⚠️
Disclaimer: The contents of this report reflect the opinions of the author and are provided for informational purposes only. It is not written with the intent to recommend the purchase or sale of tokens or the use of protocols. Nothing contained in this report is investment advice and should not be construed as such.

1. Introduction

DeSpread has spent the past five years collaborating with numerous Web3 companies, continually exploring ways to better support them and contribute to the market. As a result, starting last year, DeSpread began to formally establish DeSpread Labs, an internal development team. Recently, the team has nearly tripled in size.

In line with this growth, DeSpread Labs is undertaking various "modernization" efforts to enhance development efficiency. Existing projects are being migrated to Kubernetes, and all new projects are being developed on this platform from the outset. Throughout this process, the team has encountered numerous challenges and gained new insights.

We are in the process of migrating existing projects to Kubernetes, and all new projects are being developed based on Kubernetes. Throughout this journey, we have encountered many trials and errors and acquired new knowledge.

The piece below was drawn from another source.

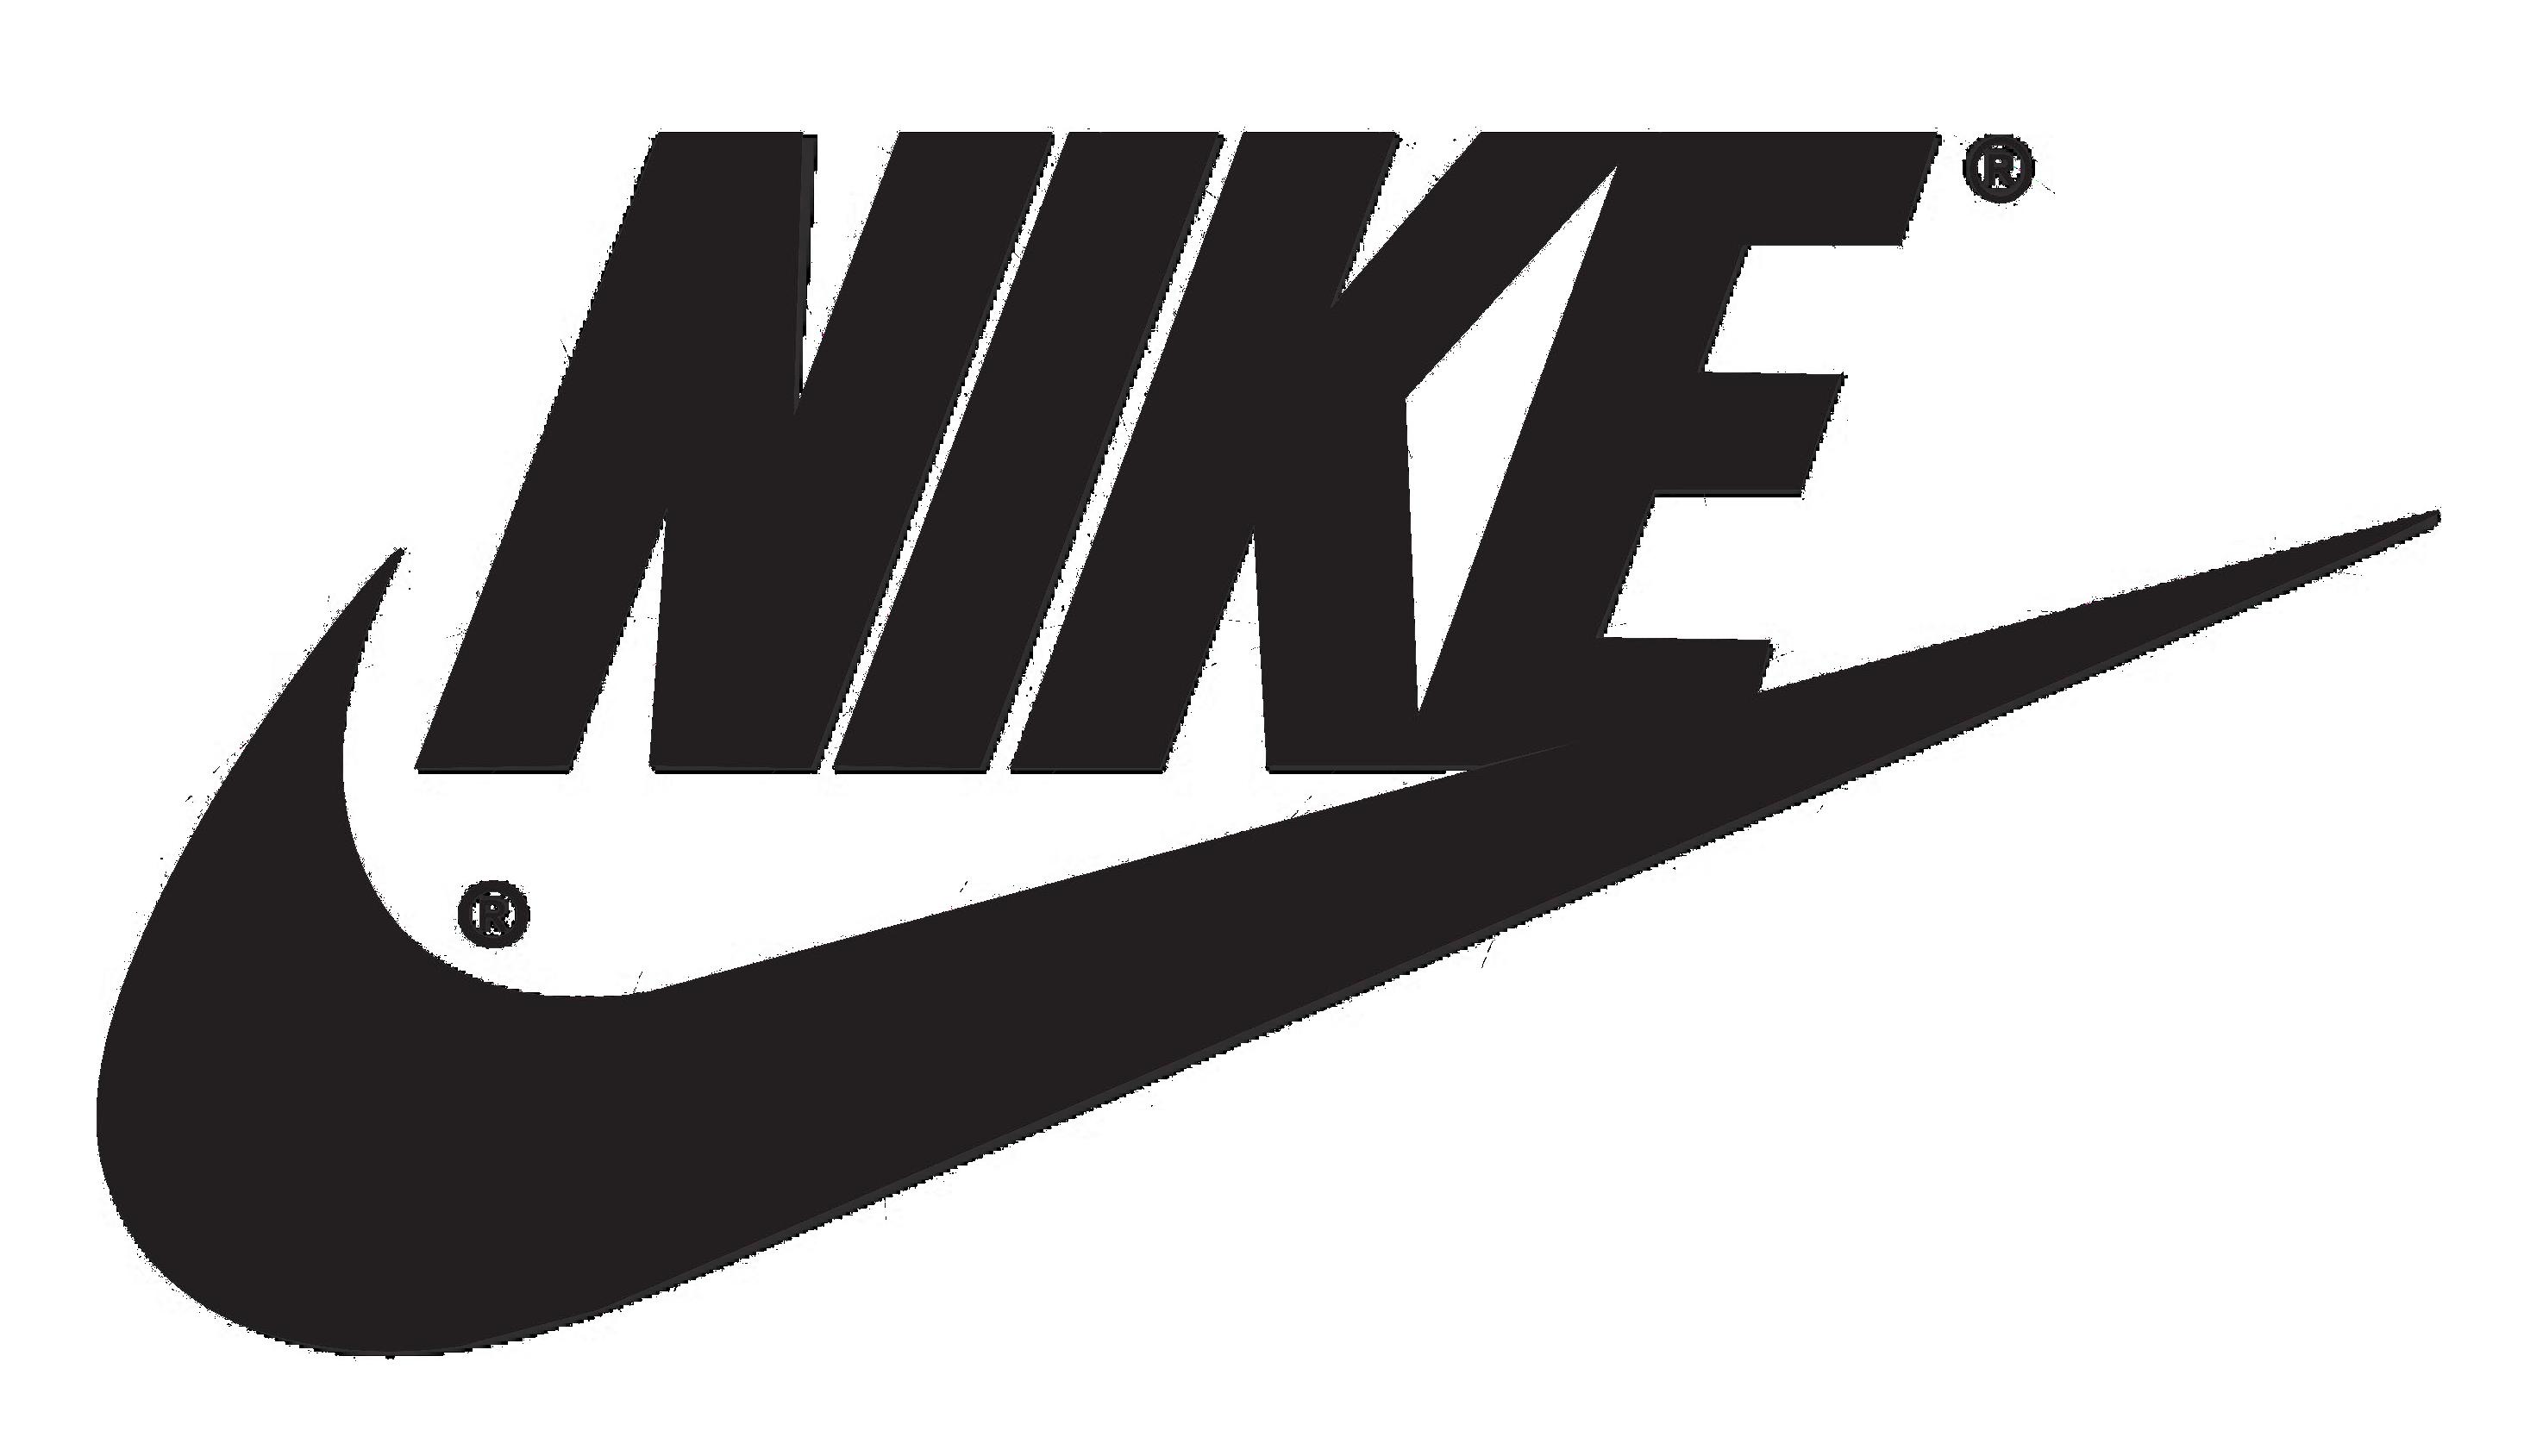 Glasglow airport Fashion logo, Nike logo, Fashion
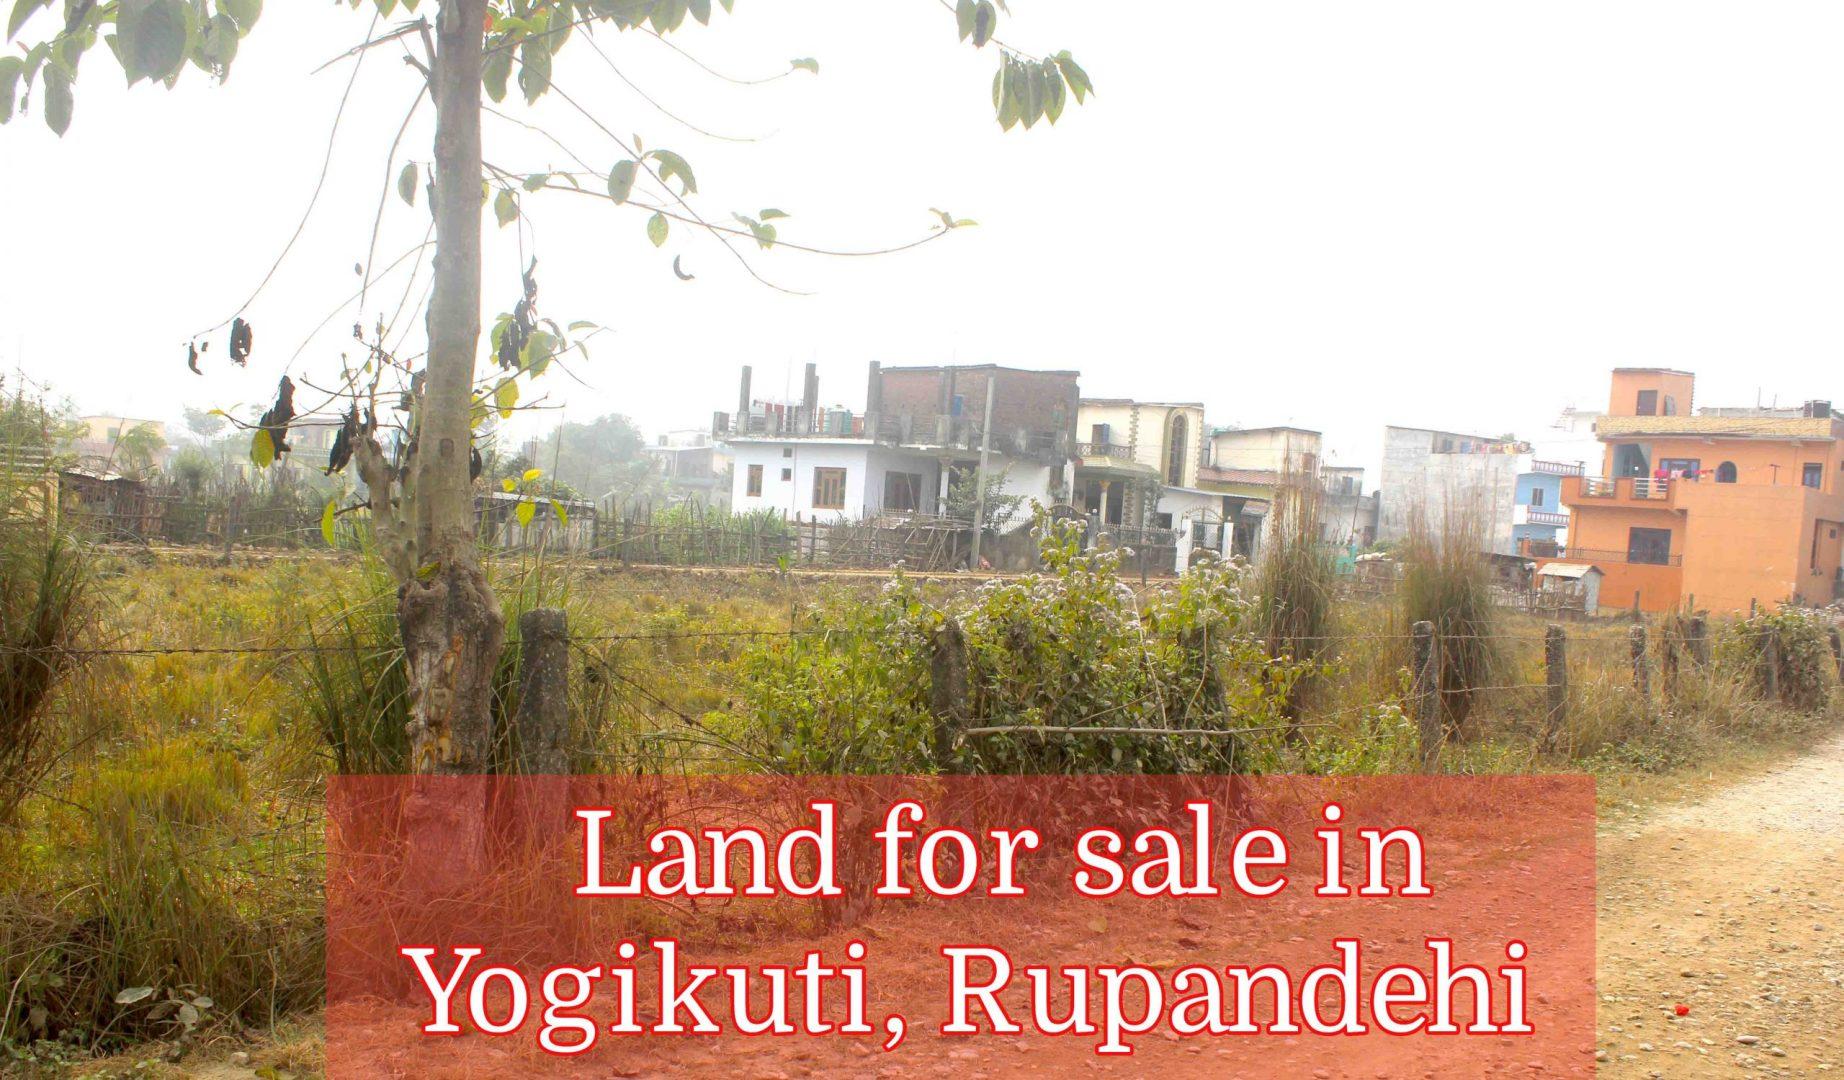 Cheap lands are for sale in Tilottama Rupandehi

In this article, we will introduce the solutions DeSpread Labs has chosen and applied in the process of adopting Kubernetes, along with the journey and rationale behind these decisions.

2. Previous CI/CD Strategy

Previous CI/CD Process

The diagram above illustrates our previous CI/CD strategy before adopting Kubernetes.

Managing infrastructure using the AWS console made it challenging to efficiently manage the various services we used.

Moreover, the build/deploy process after merging branches was cumbersome, and implementing various deployment strategies such as rolling updates, blue/green deployments, and canary deployments was complicated. In particular, it was difficult to perform zero-downtime deployments in the production environment without writing separate scripts or using tooling.

2.1. Challenges in Managing Existing Infrastructure

After initially developing the product and rapidly finding Product Market Fit (PMF) based on the MVP, the DeSpread Labs needed to focus on minimizing management points for infrastructure or tooling. Therefore, we considered how to centralize the currently fragmented infrastructure and manage it efficiently based on the following criteria:

  1. Minimize infrastructure management
  2. Seamlessly integrate with the existing development environment of team members
  3. Ensure good scalability
  4. Enable easy monitoring and logging
  5. Reduce boilerplate code

2.2. Recognizing the Need for Kubernetes Adoption

2.2.1. Segmentation into Specific Domains

Initially, the DeSpread Labs focused only on operating the necessary tooling or validators based on the situation. As a result, the functions of each domain became segmented and grew in size, leading to dependency issues and rising management and development costs.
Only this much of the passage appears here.